O ano passado, nesta época natalícia, passando junto a uma das pontes do rio Almonda ouvi uma voz conhecida, do alto de uma escada.
Pendurado numa árvore, montando as luzinhas de Natal, na rua, junto da Avenida do rio, estava o filho do sr João. O Zé.
- D. Clara, tá boa?
Fiquei contente de o ver.Tinha passado muito tempo desde aquela vez no tribunal. Disse-me que trabalhava para uma empresa contratada pela Câmara. Desejei-lhe boa sorte e Festas Felizes.

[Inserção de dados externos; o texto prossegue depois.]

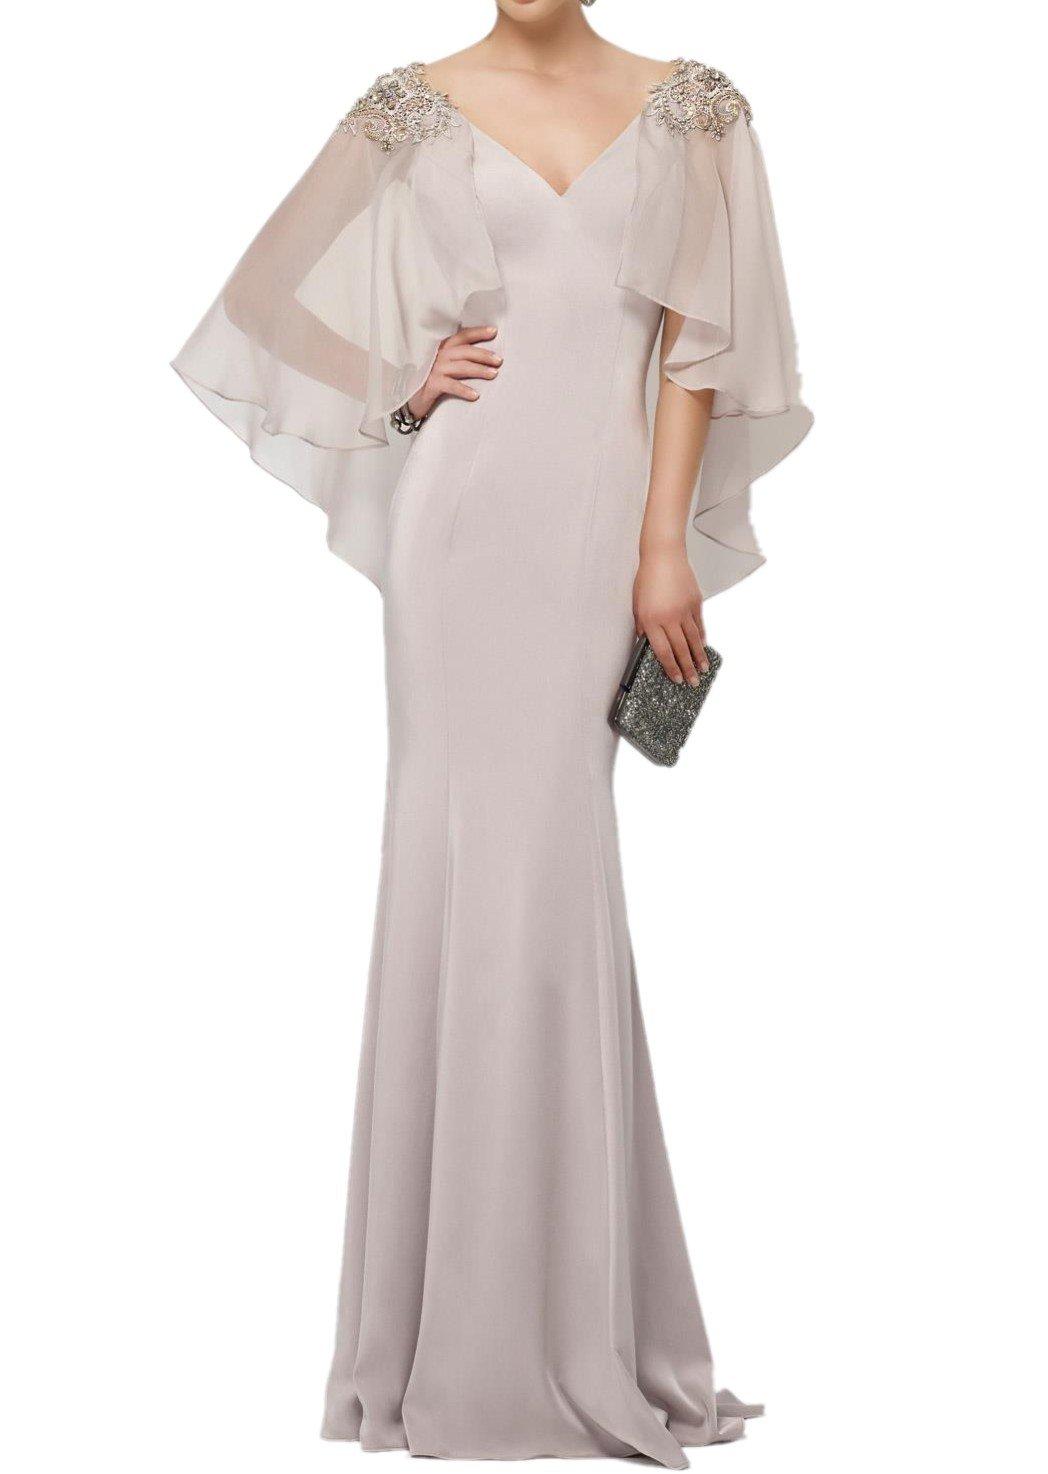 Charmant Damen Hell Silber Elegant Chiffon Meerjungfrau Abendkleider  Ballkleider Festlich Partykleider Lang: Amazon.de: Bekleidung
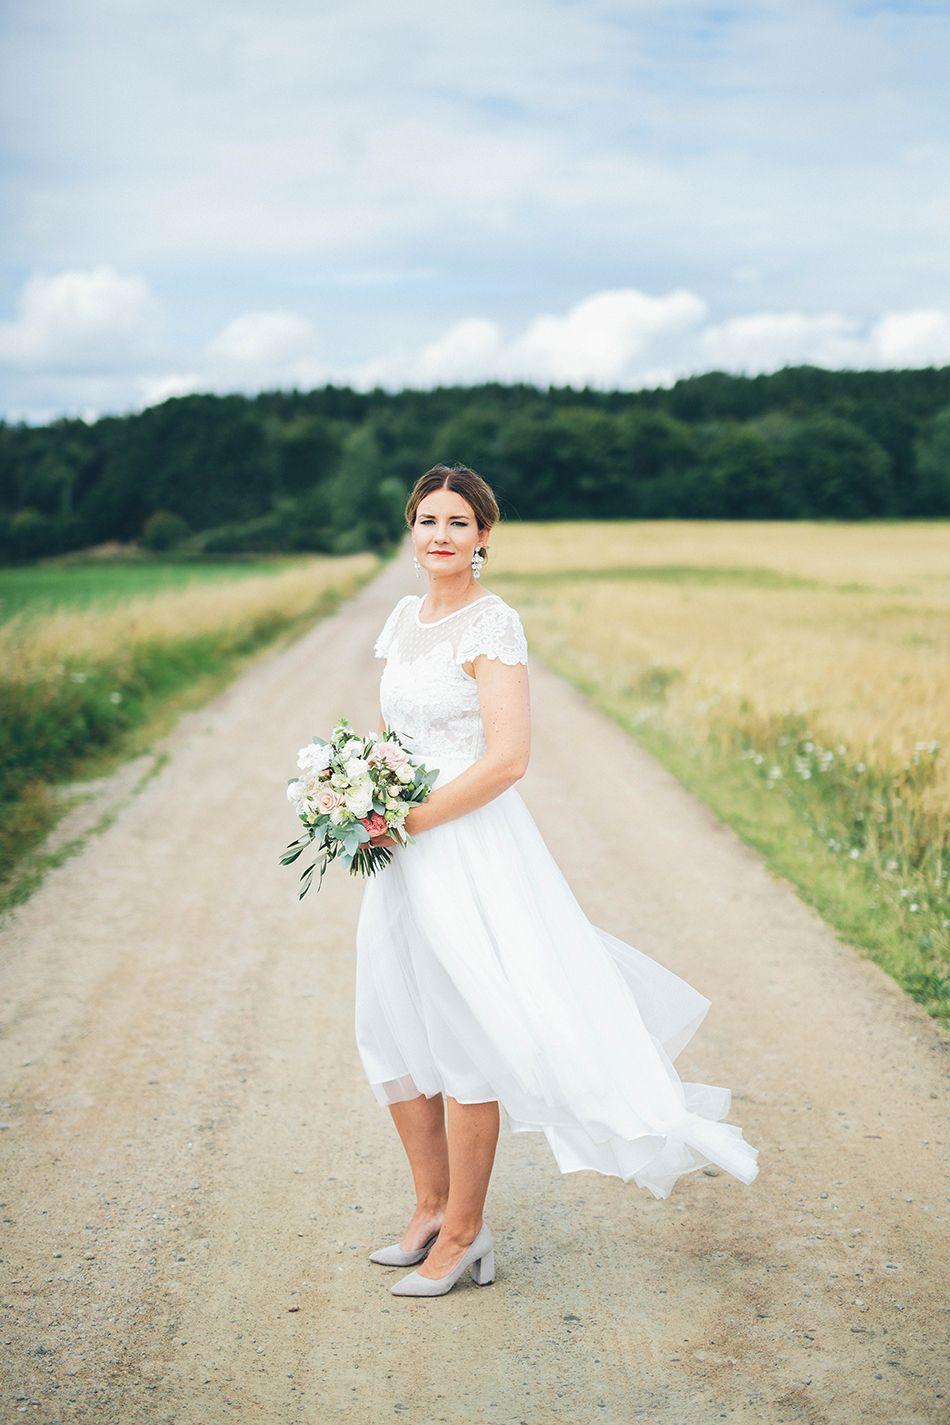 2a8d12333d7b 30 brudklänningar att inspireras av till ditt bröllop | mode ...

Hoje, a caminho do autocarro vi-o de novo. Muito perto do local do ano passado.
Trazia um gorro enfiado pela cabeça abaixo, luvas grossas e cachecol a tapar-lhe parte da cara.
Encaminhava-se para um automóvel, onde o aguardavam quatro indivíduos vestidos da mesma forma. Por deformação profissional, pensei que tinham todos aspecto de criaturas prontas para um assalto. Mas quem sou eu para julgar o aspecto de alguém?
- Tá boa D. Clara? disse-me, visivelmente satisfeito de me ver.
-Tou e tu, tudo bem?
-Sim, vou pegar ao trabalho.
-Então vai lá. Boas festas e Bom Ano.
-Para a senhora também.
Seguiu o seu destino. Aquele que traçou e o outro, o que traçaram por ele, quando os seus pais deixaram Angola " fugindo " da guerra. O Zé faz parte daqueles meninos que nasceram na guerra, na terra longe e viveram em luta permanente num terra que dizem, de paz.
Hoje entristeci pelos zés do mundo angolano a quem a vida não sorriu.